Expand into Tenable One

Note: This requires a Tenable One license. For more information about trying Tenable One, see Tenable One.

Integrate Tenable Vulnerability Management with Tenable One and leverage the following features:

  • Review and customize your assets' ACR.

  • Create new tags either in Tenable Vulnerability Management or within Tenable Inventory to group your assets by how you want them to be reported on

  • In Lumin Exposure View, gain critical business context by getting business-aligned cyber exposure score for critical business services, processes and functions, and track delivery against SLAs. Track overall VM risk to understand the risk contribution of assets to your overall Cyber Exposure Score, including by asset class, vendor, or by tags.

    • Review the Global exposure card to understand your holistic score. Click Per Exposure to understand what factors are driving your score, and by how much.

    • Review the Computing Resources exposure card.

    • Configure the exposure view settings to set your Remediation SLA and SLA Efficiency based on your company policy.

    • Create a custom exposure card based on business context (for example, Business units, Operating Systems, Asset Criticality, Physical Location, or Application).

  • In Tenable Inventory, enhance asset intelligence by accessing deeper asset insights, including related attack paths, tags, exposure cards, users, relationships, and more. Improve risk scoring by gaining a more complete view of asset exposure, with an asset exposure score that assesses total asset risk and asset criticality.

    • Review your Tenable Vulnerability Management assets to understand the strategic nature of the interface. This should help set your expectations on what features to use within Tenable Inventory, and when.

    • Review the Tenable Queries that you can use, edit, and bookmark.

    • Familiarize yourself with the Global Search query builder and its objects and properties. Bookmark custom queries for later use.

      Tip: To get a quick view of what properties are available:
      • In the query builder, type has. A list of suggested asset properties appears.
      • Customize the list by adding a column. A list of available columns/properties appears.
    • Drill down into the asset details page to view asset properties and all associated context views.

    • (Optional) Create a tag that combines different asset classes.

  • In Attack Path Analysis, optimize risk prioritization by exposing risky attack paths that traverse the attack surface, including web apps, IT, OT, IoT, identities, ASM, and prevent material impact. Streamline mitigation by identifying choke points to disrupt attack paths with mitigation guidance, and gain deep expertise with AI insights.

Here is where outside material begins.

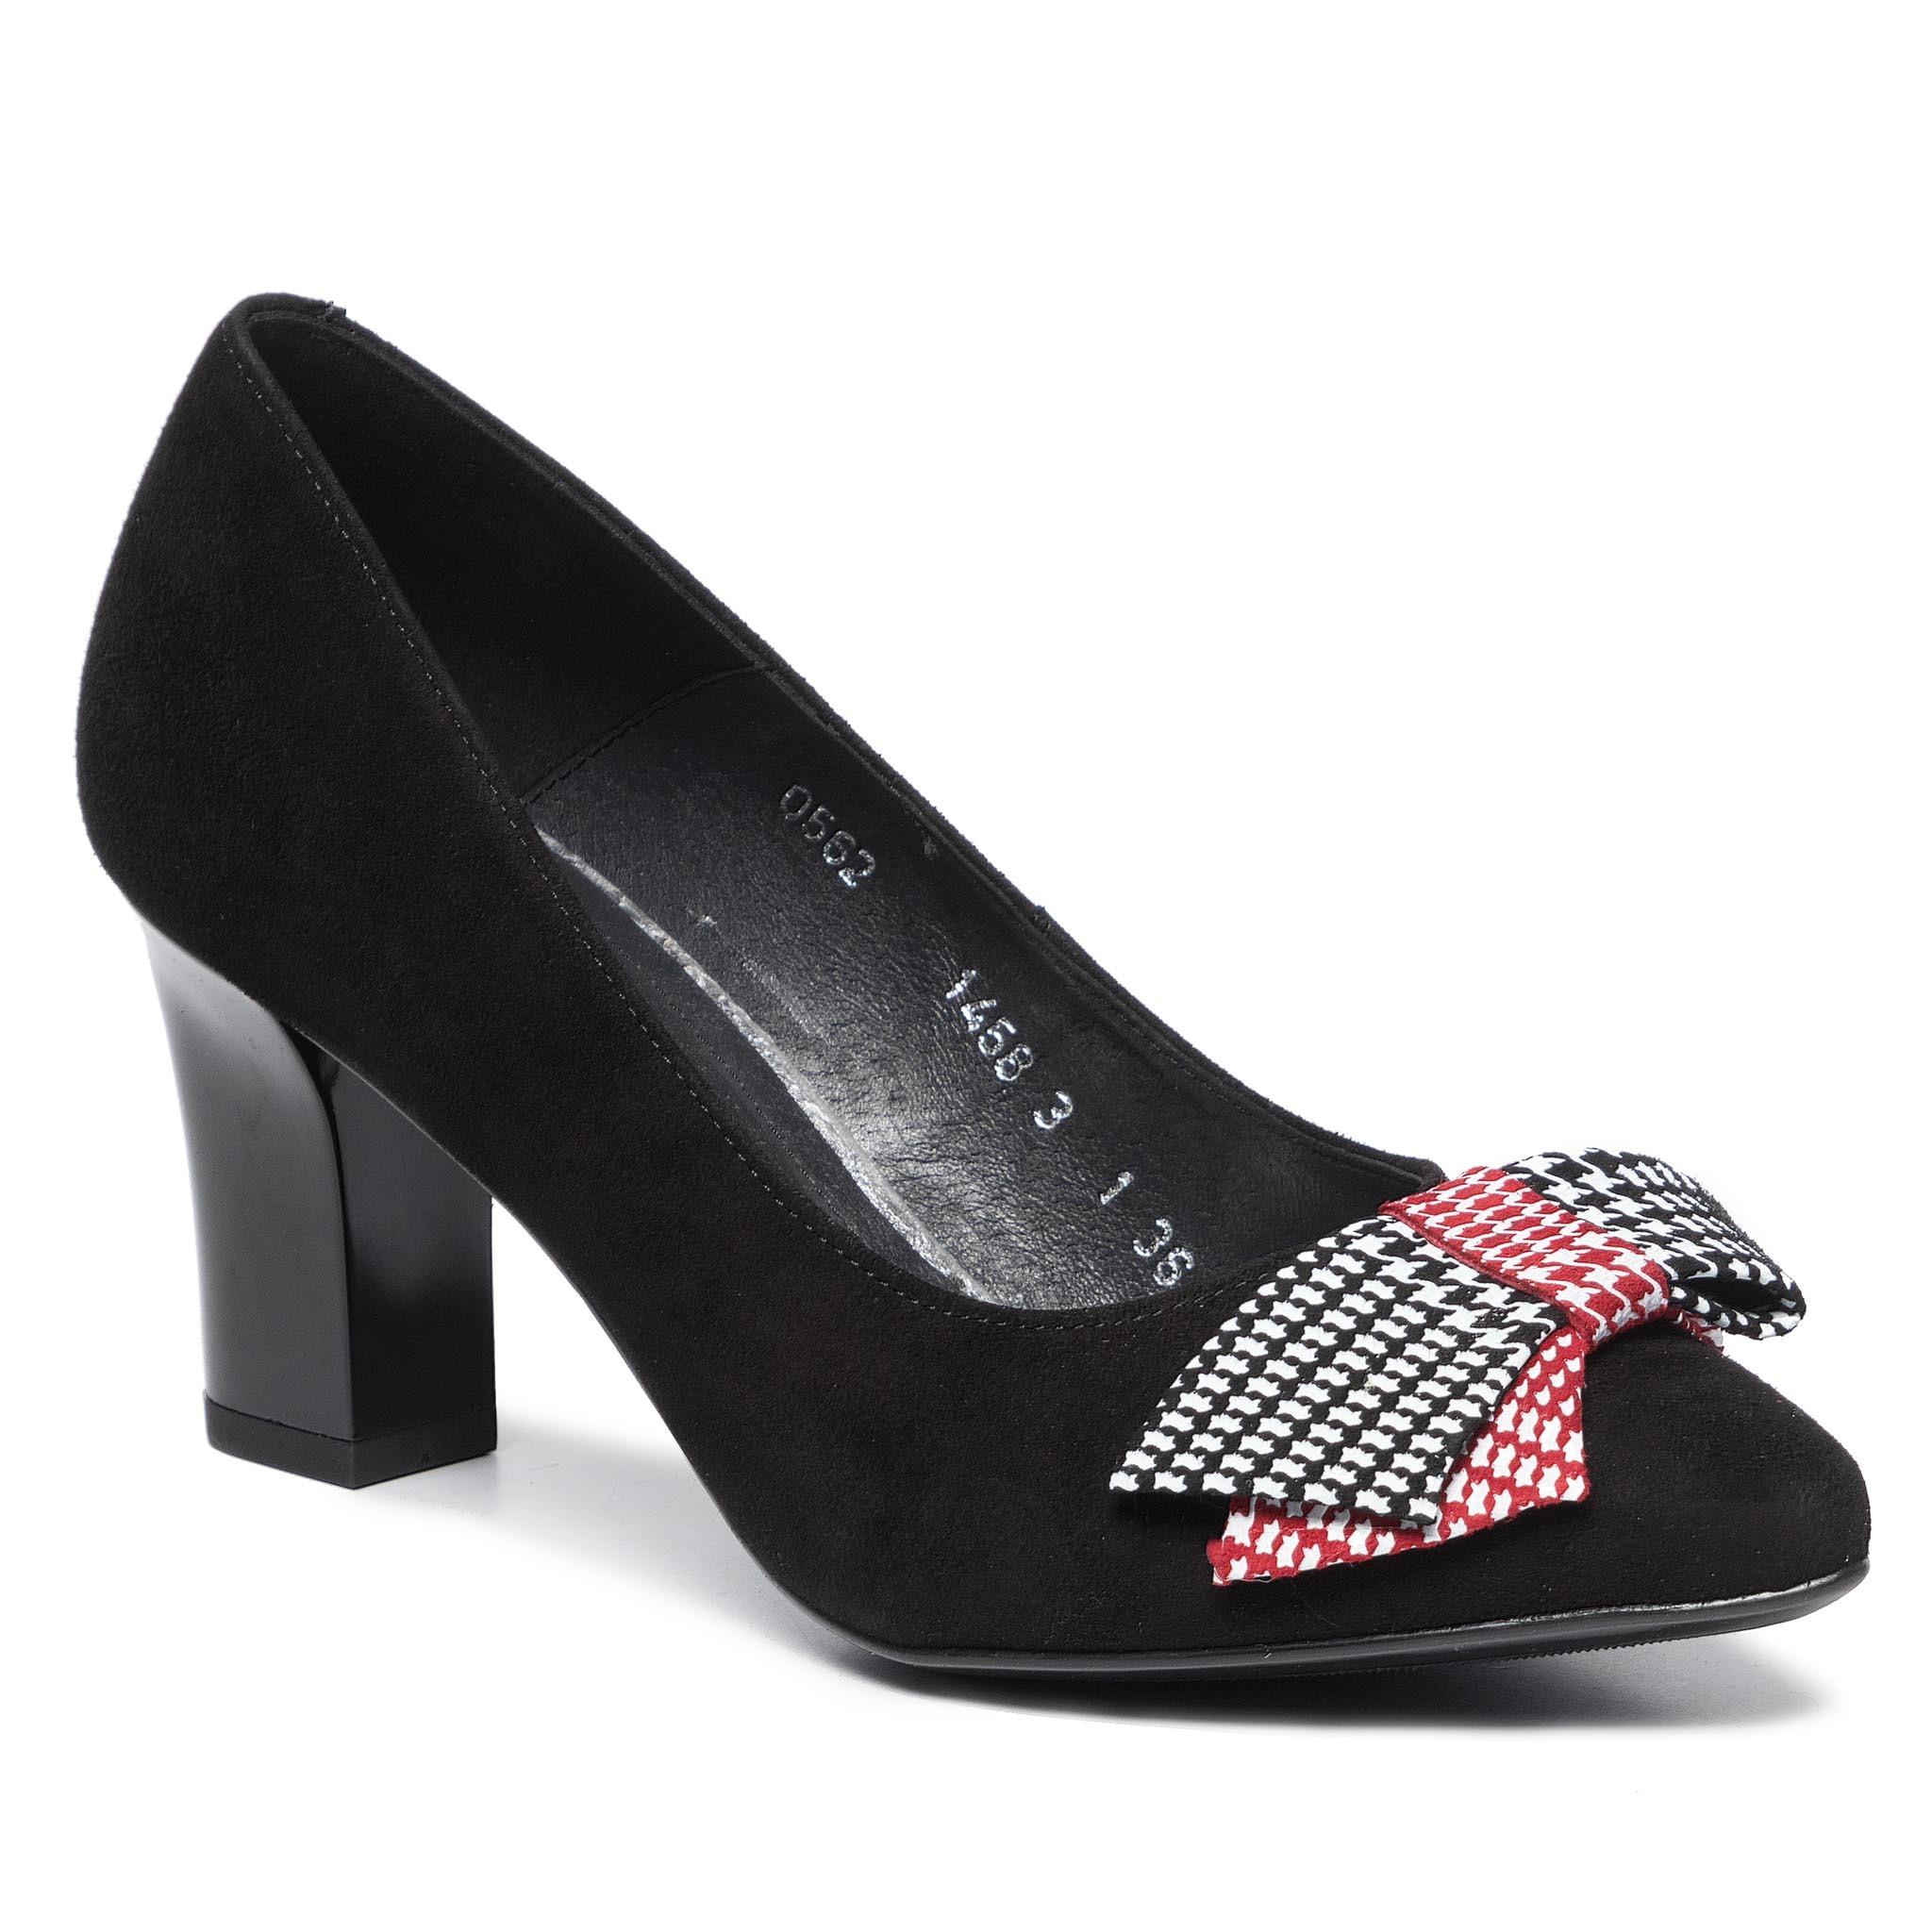 Pantofi ANN MEX - 0562 01W+14KR+01KR Negru

    • View the Attack Path Analysis Dashboard for a high-level view of your vulnerable assets such as the number of attack paths leading to these critical assets, the number of open findings and their severity, a matrix to view paths with different source node exposure score and ACR target value combinations, and a list of trending attack paths.

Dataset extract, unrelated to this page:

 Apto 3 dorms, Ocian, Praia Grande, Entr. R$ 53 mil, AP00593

      • Review the Top Attack Path Matrix and click the Top Attack Paths tile to view more information about paths leading to your “Crown Jewels”, or assets with an ACR of 7 or above.

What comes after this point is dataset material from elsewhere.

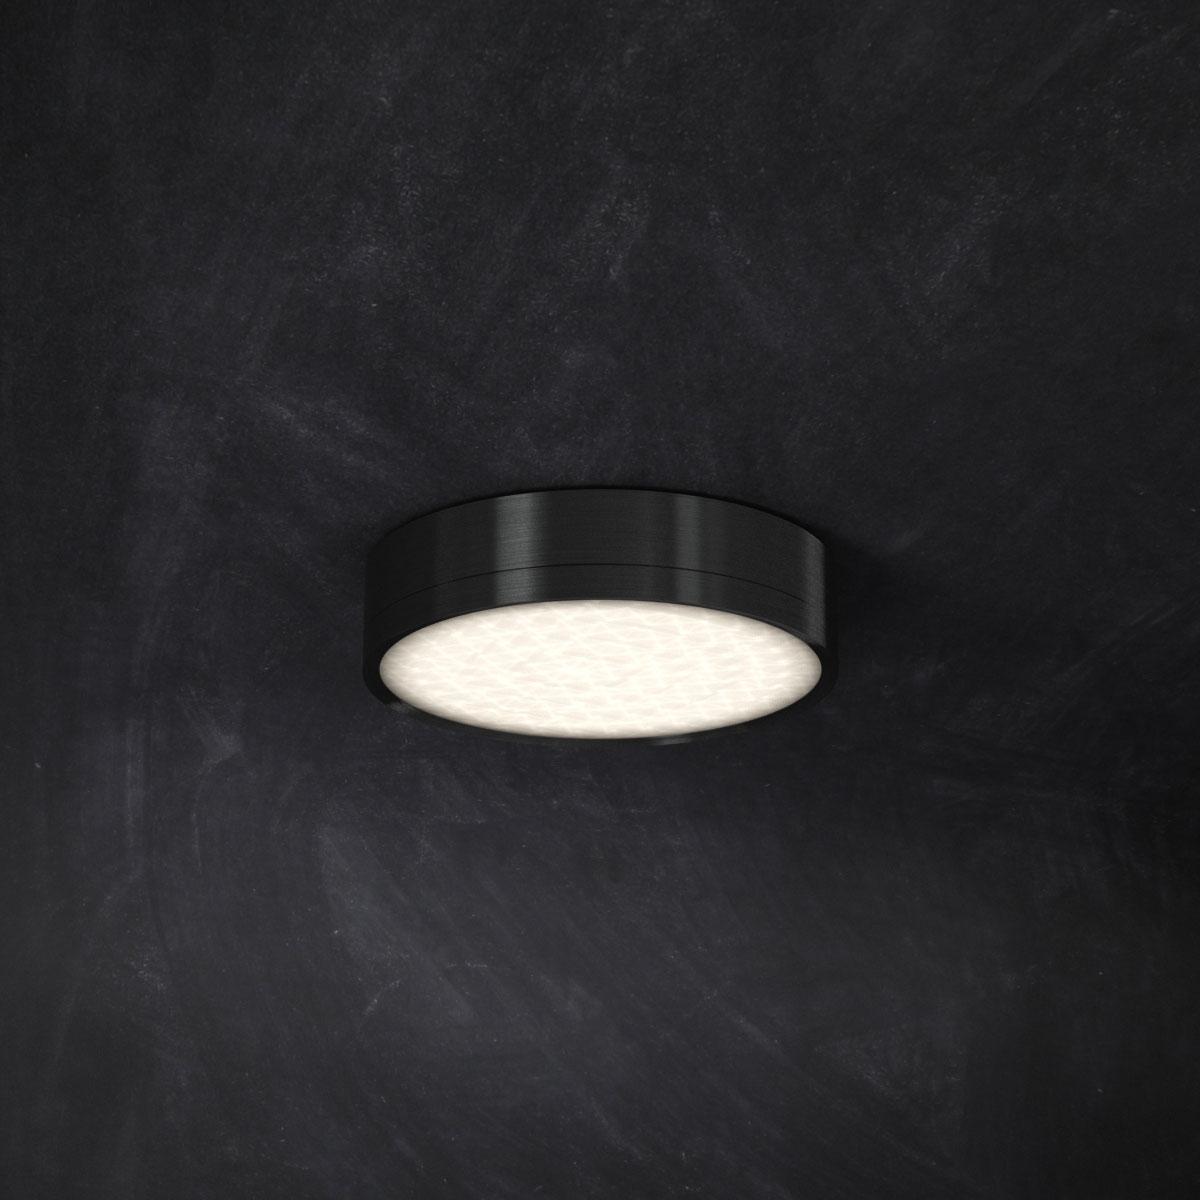 lamp 02 AM152

      You can adjust these if needed to ensure you’re viewing the most critical attack path data and findings.

    • On the Findings page, view all attack techniques that exist in one or more attack paths that lead to one or more critical assets by pairing your data with advanced graph analytics and the MITRE ATT&CK® Framework to create Findings, which allow you to understand and act on the unknowns that enable and amplify threat impact on your assets and information.

    • On the Discover page, generate attack path queries to view your assets as part of potential attack paths:

      Then, you can view and interact with the Attack Path Query and Asset Query data via the query result list and the interactive graph.